Department of Radiation Oncology and Molecular Radiation Sciences, Johns Hopkins University, Baltimore, Maryland.
HCor Neuroscience Institute, Heart Hospital (HCor), São Paulo, São Paulo, Brazil.
Int J Radiat Oncol Biol Phys. 2021 Sep 1;111(1):68-80. doi: 10.1016/j.ijrobp.2021.04.016. Epub 2021 Apr 20.
The purpose of this critical review is to summarize the literature specific to single-fraction stereotactic radiosurgery (SRS) and multiple-fraction stereotactic radiation therapy (SRT) for postoperative brain metastases resection cavities and to present practice recommendations on behalf of the ISRS.
The Medline and Embase databases were used to apply the Preferred Reporting Items for Systematic Reviews and Meta-Analyses approach to search for manuscripts reporting SRS/SRT outcomes for postoperative brain metastases tumor bed resection cavities with a search end date of July 20, 2018. Prospective studies, consensus guidelines, and retrospective series that included exclusively postoperative brain metastases and had at minimum 100 patients were considered eligible.
The Embase search revealed 157 manuscripts, of which 77 were selected for full-text screening.

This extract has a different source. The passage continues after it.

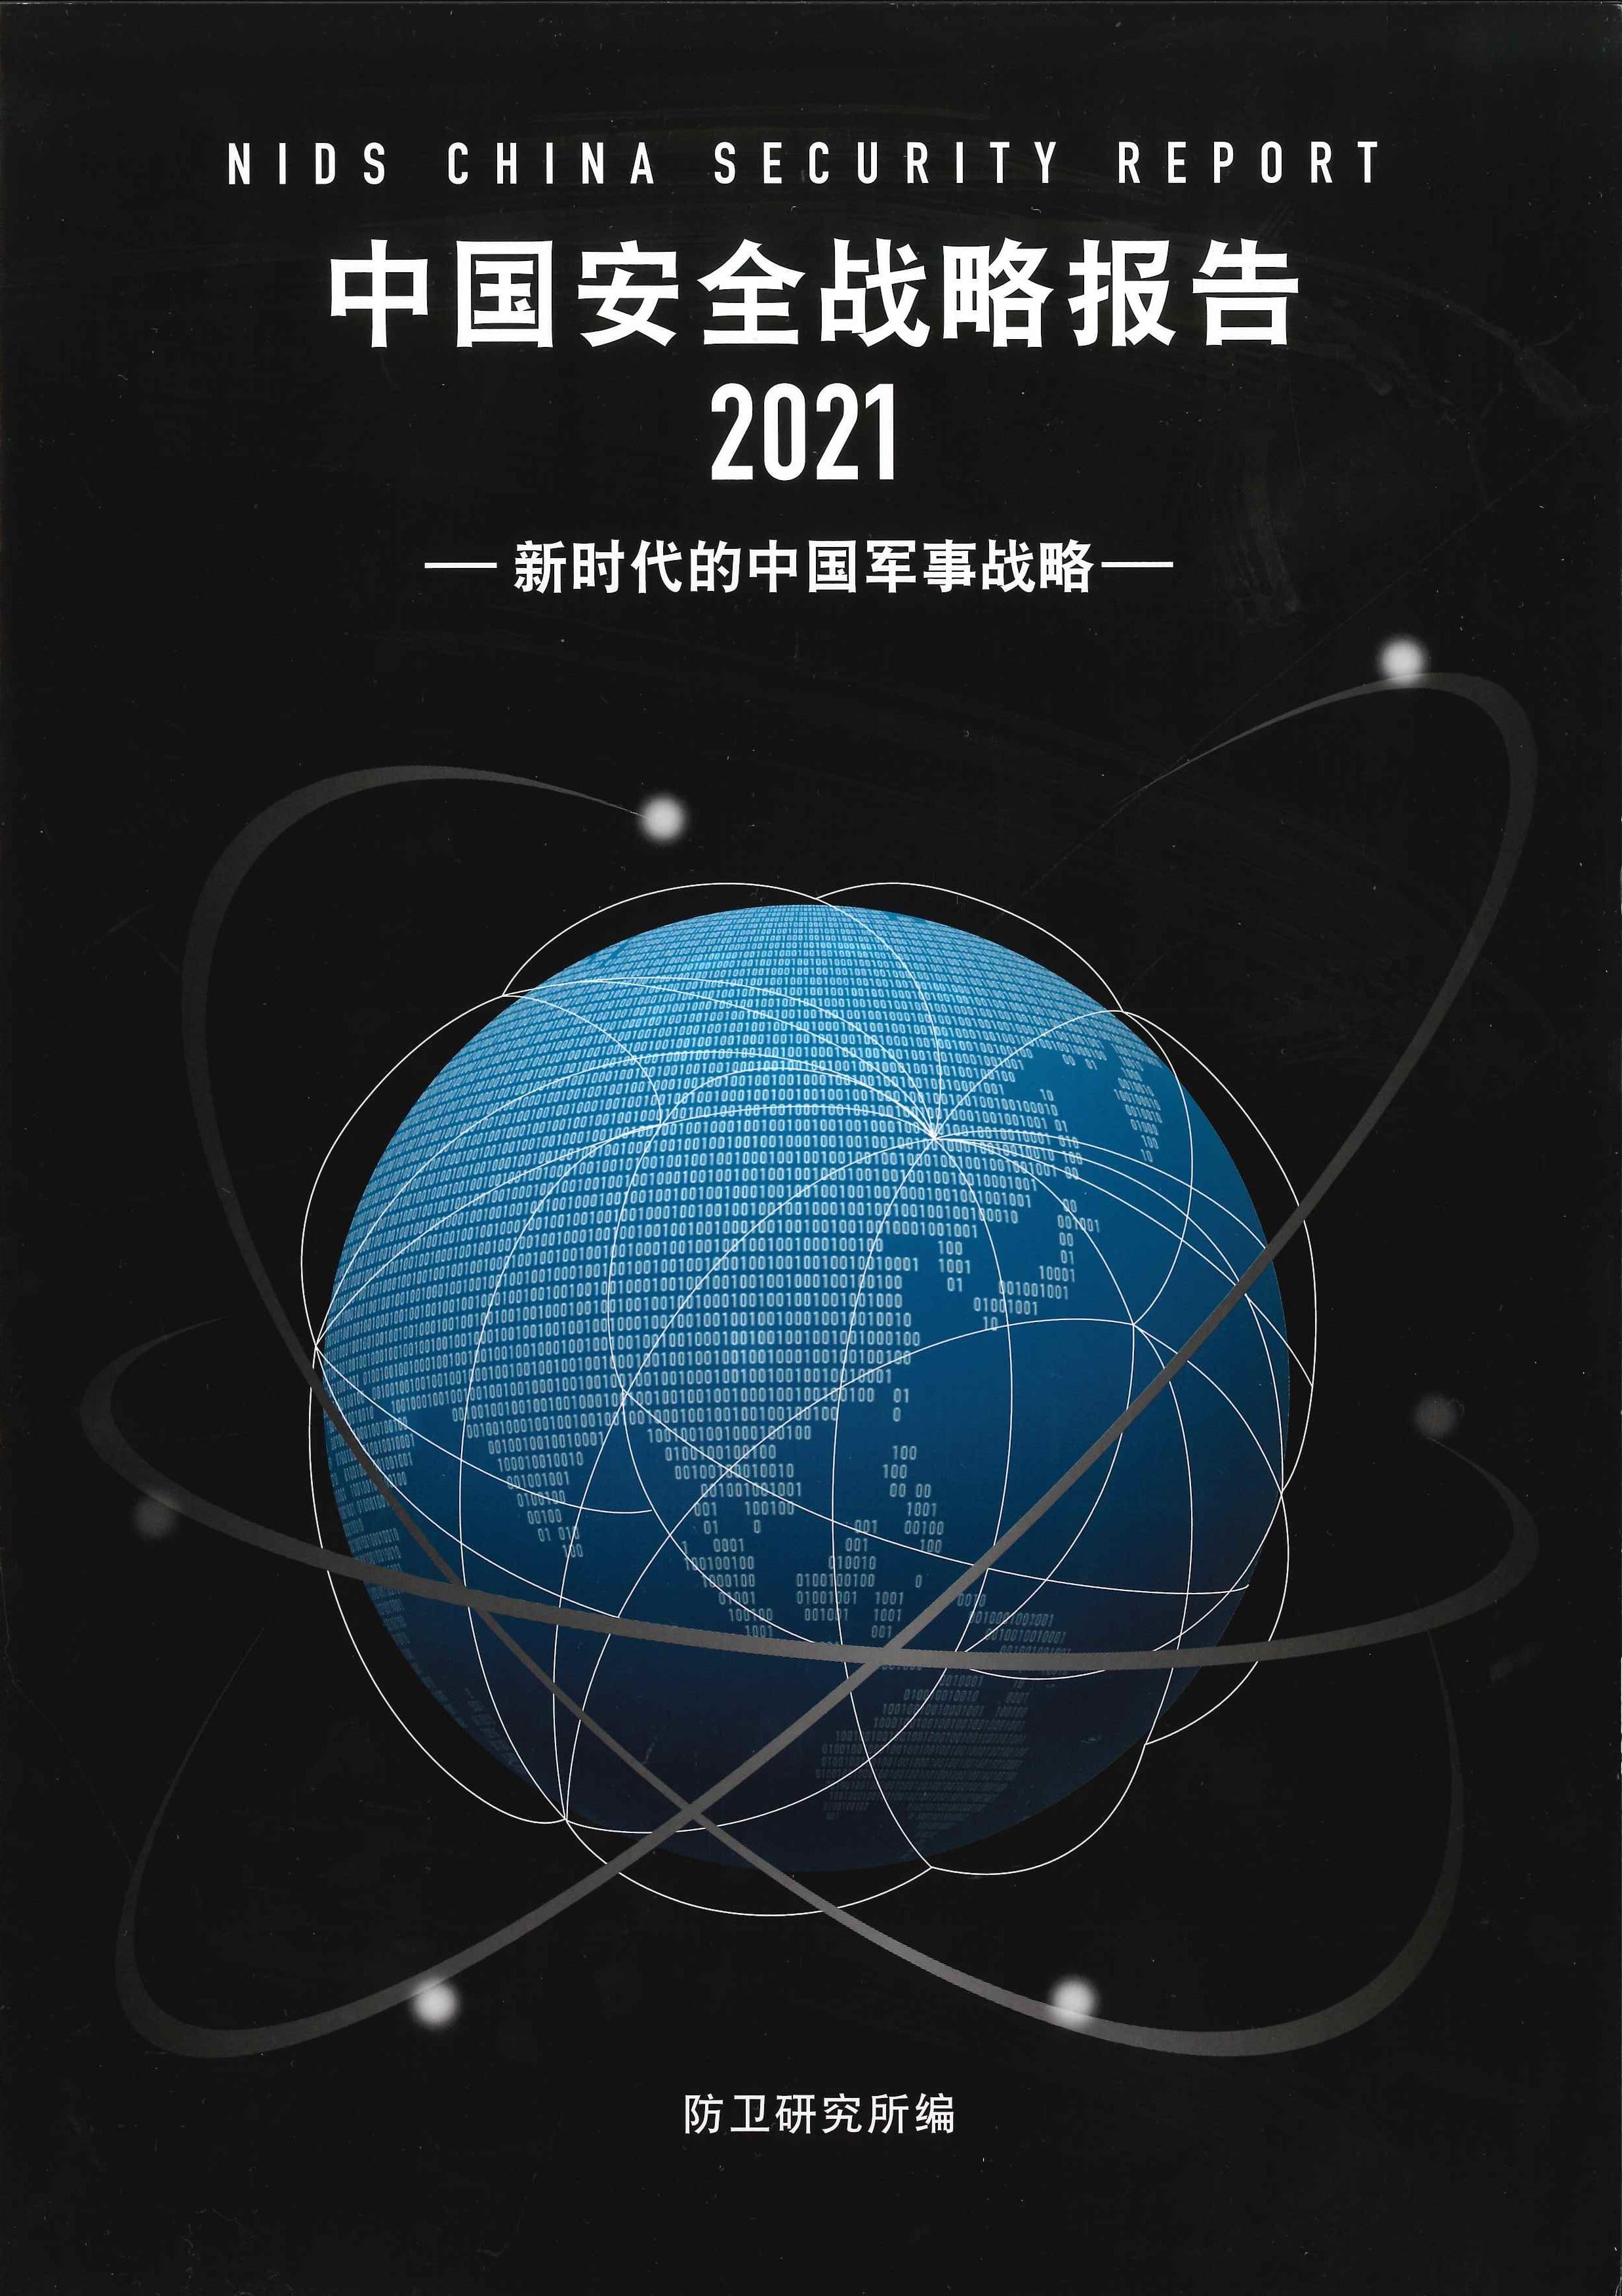 中国安全战略报告=NIDS China security report

PubMed yielded 55 manuscripts, of which 23 were selected for full text screening. We deemed 8 retrospective series, 1 phase 2 prospective study, 3 randomized controlled trials, and 1 consensus contouring paper appropriate for inclusion. The data suggest that SRS/SRT to surgical cavities with prescription doses of 30 to 50 Gy equivalent effective dose (EQD) 2, 50 to 70 Gy EQD2, and 70 to 90 EQD2 are associated with rates of local control ranging from 60.5% to 91% (median, 80.5%). Randomized data suggest improved local control with single-fraction SRS compared with observation and improved cognitive outcomes compared with whole-brain radiation therapy (WBRT). The toxicity of SRS/SRT in the postoperative setting was limited and is reviewed herein.
Although randomized data raise concern for poorer local control after resection cavity SRS than WBRT, these findings may be driven by factors such as conservative prescription doses used in the SRS arm. Retrospective studies suggest high rates of local control after single-fraction SRS and hypofractionated SRT for postoperative brain metastases. With a superior neurocognitive profile and no survival disadvantage to withholding WBRT, the ISRS recommends SRS as first-line treatment for eligible postoperative patients. Emerging data suggest that fractionated SRT may provide superior local control compared with single-fraction SRS, in particular, for large tumor cavity volumes/diameters and potentially for patients with a preoperative diameter greater than 2.5 cm.
本综述的目的是总结单次立体定向放射外科(SRS)和多次立体定向放射治疗(SRT)在术后脑转移瘤切除术后的文献,并代表国际立体定向放射外科研究学会(ISRS)提出实践建议。
使用 Medline 和 Embase 数据库,采用系统评价和荟萃分析的首选报告项目方法,搜索截至 2018 年 7 月 20 日报告术后脑转移瘤肿瘤床切除术后 SRS/SRT 结果的文献。纳入标准为前瞻性研究、共识指南和仅包括术后脑转移瘤且至少有 100 例患者的回顾性系列研究。
Embase 搜索显示 157 篇手稿,其中 77 篇被选为全文筛选。PubMed 产生了 55 篇手稿,其中 23 篇被选为全文筛选。我们认为 8 项回顾性系列研究、1 项 2 期前瞻性研究、3 项随机对照试验和 1 项共识轮廓论文适合纳入。数据表明,处方剂量为 30 至 50 Gy 等效有效剂量(EQD)2、50 至 70 Gy EQD2 和 70 至 90 EQD2 的 SRS/SRT 治疗手术腔与 60.5%至 91%(中位数 80.5%)的局部控制率相关。随机数据表明,与观察相比,单次 SRS 治疗比单次 SRS 治疗更能提高局部控制率,与全脑放疗(WBRT)相比,认知功能改善。术后 SRS/SRT 的毒性是有限的,本文对此进行了综述。
尽管随机数据表明,与 WBRT 相比,术后切除腔 SRS 后的局部控制率较差,但这些发现可能是由于 SRS 臂中使用的保守处方剂量等因素所致。回顾性研究表明,单次 SRS 和术后脑转移分次 SRT 治疗的局部控制率较高。由于具有优越的神经认知特征且不拒绝 WBRT 治疗不会带来生存劣势,ISRS 建议 SRS 作为有资格的术后患者的一线治疗方法。新出现的数据表明,与单次 SRS 相比,分次 SRT 可能提供更好的局部控制,特别是对于较大的肿瘤腔体积/直径和术前直径大于 2.5cm 的患者。